Western blotting confirmed that the 22 kDa MMP-12 was present in the lysate of damaged aorta walls. This is, however, not surprising because MMP-12 is secreted as a pro-enzyme and undergoes self-activation through autolytic processing [31]. Thus, it is likely when aorta walls were damaged, MMP-12 became totally activated and processed into the 22 kDa active form. Recombinant rabbit MMP-12 has been shown to activate other MMPs such as MMP-2 and −3, suggesting that once MMP-12 is activated, there is a cascade of activation of other MMPs that leads to ECM degradation [32].

Clinical and basic studies have implicated changes in MMPs activity in aortic Dissection, but the key effectors and mechanism of action is presently unknown.

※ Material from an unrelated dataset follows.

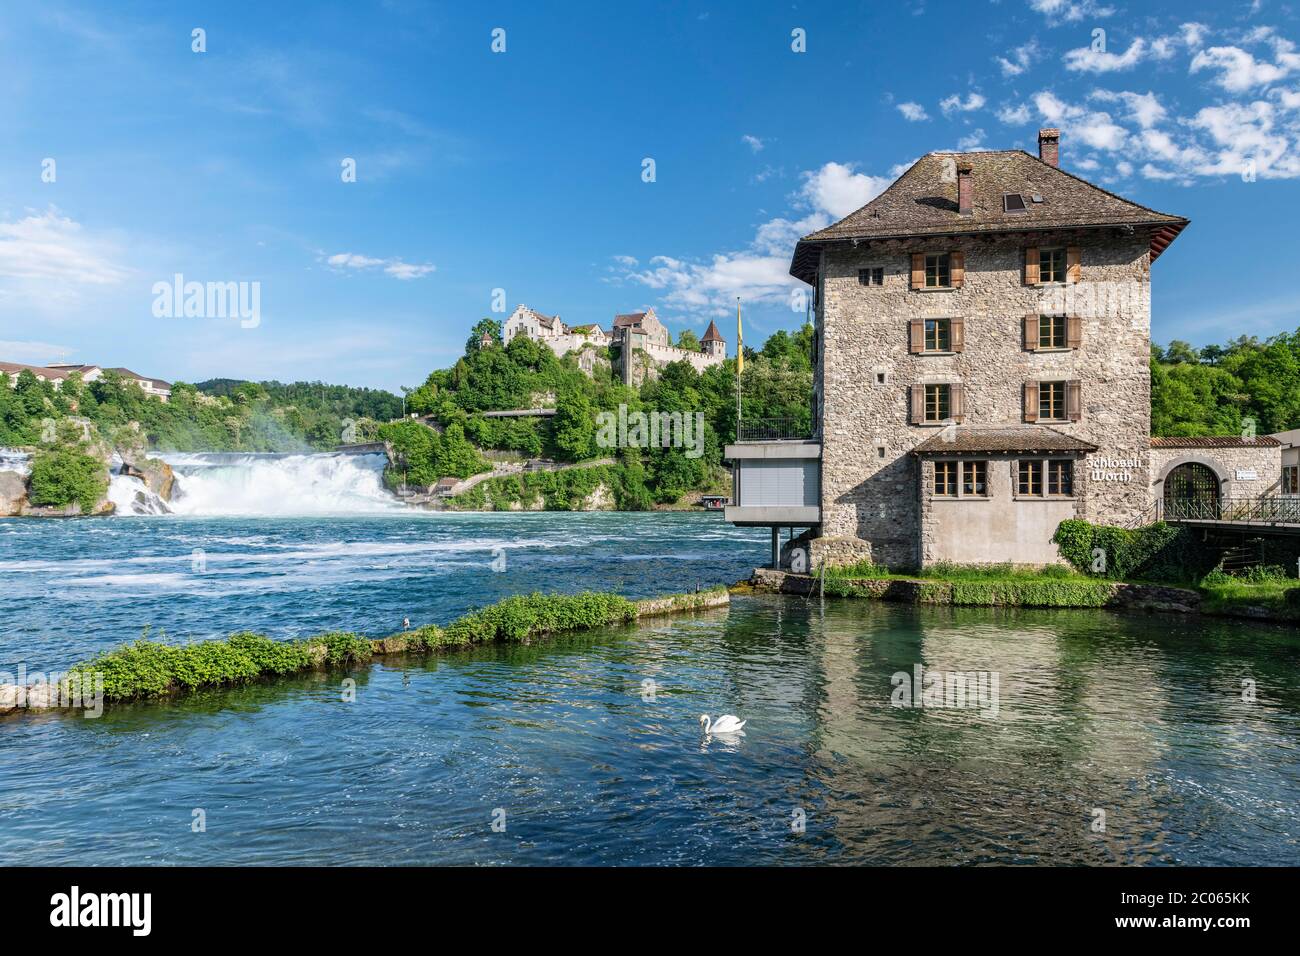 Rhine Falls with Laufen Castle and Schloessli Woerth, near Schaffhausen, Canton Schaffhausen, Switzerland Stock Photo

Kurihara and colleagues [33] recently reported that MMP-9 was significantly elevated in blood samples from acute aortic dissection patients than in those from the patients with nonruptured chronic aortic aneurysm or healthy volunteers. The acute phase of thoracic aortic dissection is characterized by a prominent increase of MMP-8 plasma levels [34]. Smooth muscle cells in the dissected media increased MMP-2 production, which could promote elastin degradation in thoracic aortic dissection [35]. Low levels of plasma MMP8 can rule out acute aortic dissection in a minority of patients[36]. However, the performance of MMP-12 for the ocurrence of AD is presently unknown.

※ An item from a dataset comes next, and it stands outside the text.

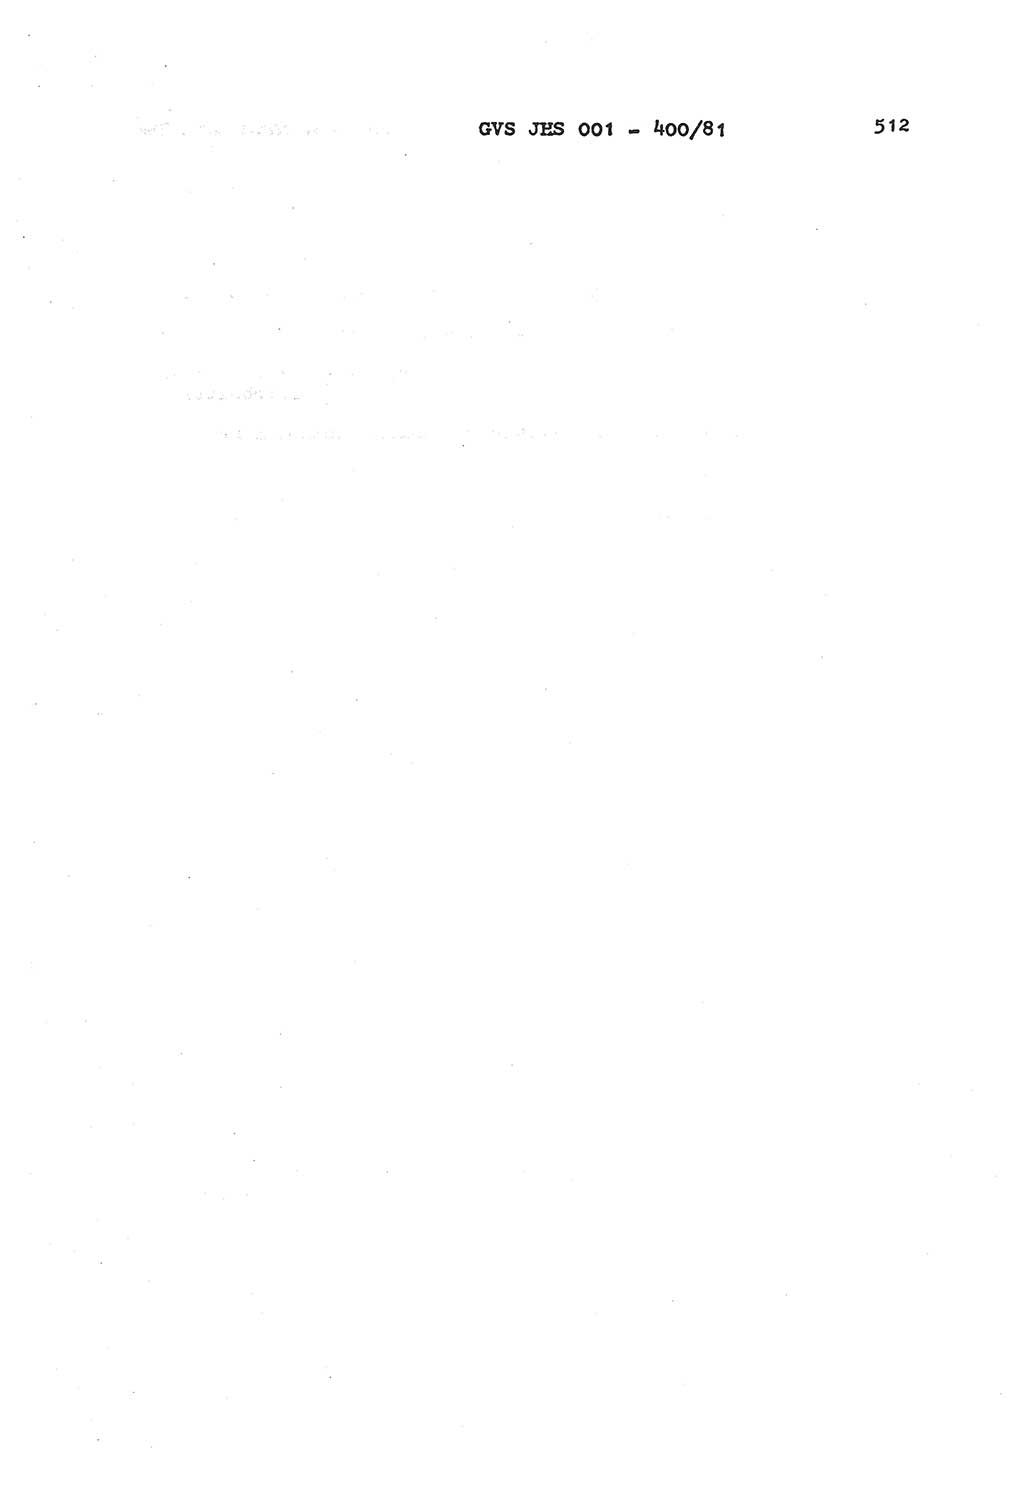 Wörterbuch der politisch-operativen Arbeit, Ministerium für Staatssicherheit (MfS) [Deutsche Demokratische Republik (DDR)], Juristische Hochschule (JHS), Geheime Verschlußsache (GVS) o001-400/81, Potsdam 1985, Blatt 512 (Wb. pol.-op. Arb. MfS DDR JHS GVS o001-400/81 1985, Bl. 512)

Accordingly, through the combined use of a fluorogenic substrate and ELISA, the present study demonstrated that a continuous fluorescent signal and the level of MMP-12 could be detected from serum samples of AD. These results indicate that an ambient level of MMP-12 proteolytic activity exists within the blood circulation. With the occurrence of AD, serum MMP-12 activity was transiently increased. Thus, this study demonstrated for the first time that MMP-12 activity exists in the serum of AD. We also identified the presence and activation of MMP-12 within the entry site of aortic dissection, so, the results of the present study set the stage for future mechanistic studies especially in MMP-12 induction and activation on the development of AD.

Conclusions

These data reported here demonstrated that MMP-12 activity exists in the serum and aorta wall of AD. This new information adds to our understanding of the pathophysiology of the dissection. Measurement of serum MMP-12 levels with a peptide-based FRET assay or ELISA in AD is a simple and relatively rapid laboratory test, that can be used as a biochemical indicator of aortic disease. Further studies are required in order to draw precise conclusions on the clinical significance of serum levels of MMP-12 in diagnosis and prognostic applications in the treatment of this deadly disease.